Since 2004, Korner has worked closely with the judiciary of Bosnia and Herzegovina. From 2004 to 2005, Korner was Senior Legal Adviser to Chief Prosecutor of Bosnia and Herzegovina during establishment of War Crimes Section. In 2006, Korner was the Bosnia and Herzegovinian counsel in the International Court of Justice case of Bosnia and Herzegovina v. Serbia and Montenegro.

Korner has written numerous reports, supported by the Organization for Security and Co-operation in Europe, on the state of war crimes processing in Bosnia and Herzegovina. Korner's 2016 report entitled "Processing of War Crimes at the State Level in Bosnia and Herzegovina" was adopted by High Judicial and Prosecutorial Council of Bosnia and Herzegovina in January 2017. A follow-up report was published in 2020.

==International Criminal Court==

In 2019, Korner was nominated to be the United Kingdom's candidate for the 2020 judicial elections of the International Criminal Court based in The Hague, Netherlands. In December 2020, Judge Korner was elected to serve as a judge of the International Criminal Court, for the term 2021–2030. She was elected in the first round.

In March 2021, Korner was officially sworn in as a judge of the International Criminal Court.
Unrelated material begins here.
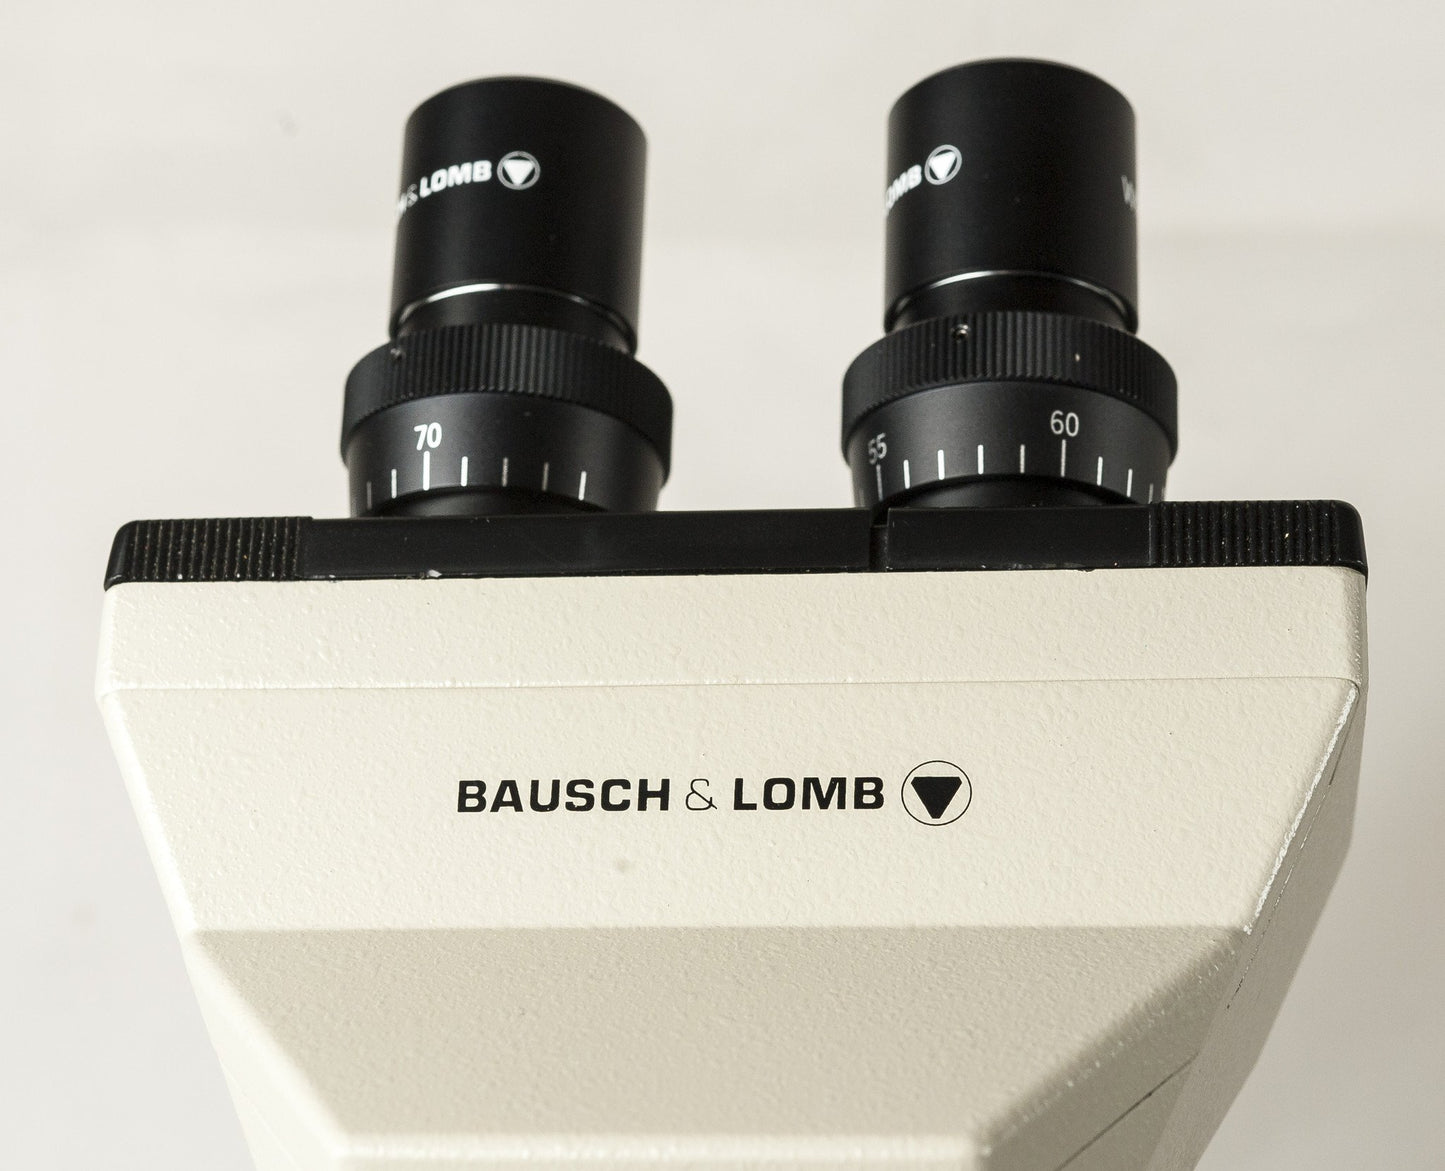 Bausch & Lomb Galen II Microscope - Microscope Central
 - 8

In this capacity, she notably presided over the trial chamber that sentenced Janjaweed militia leader Ali Kushayb in 2025 to 20 years in prison for war crimes and crimes against humanity committed in Sudan’s Darfur region.

In April 2026, Korner was elected as the presiding judge of Trial Chamber III constituted to handle the case of former Philippines president Rodrigo Duterte.

==Honours==
In 2004, Korner was appointed Companion of the Order of St. Michael and St. George (CMG) for services to international law.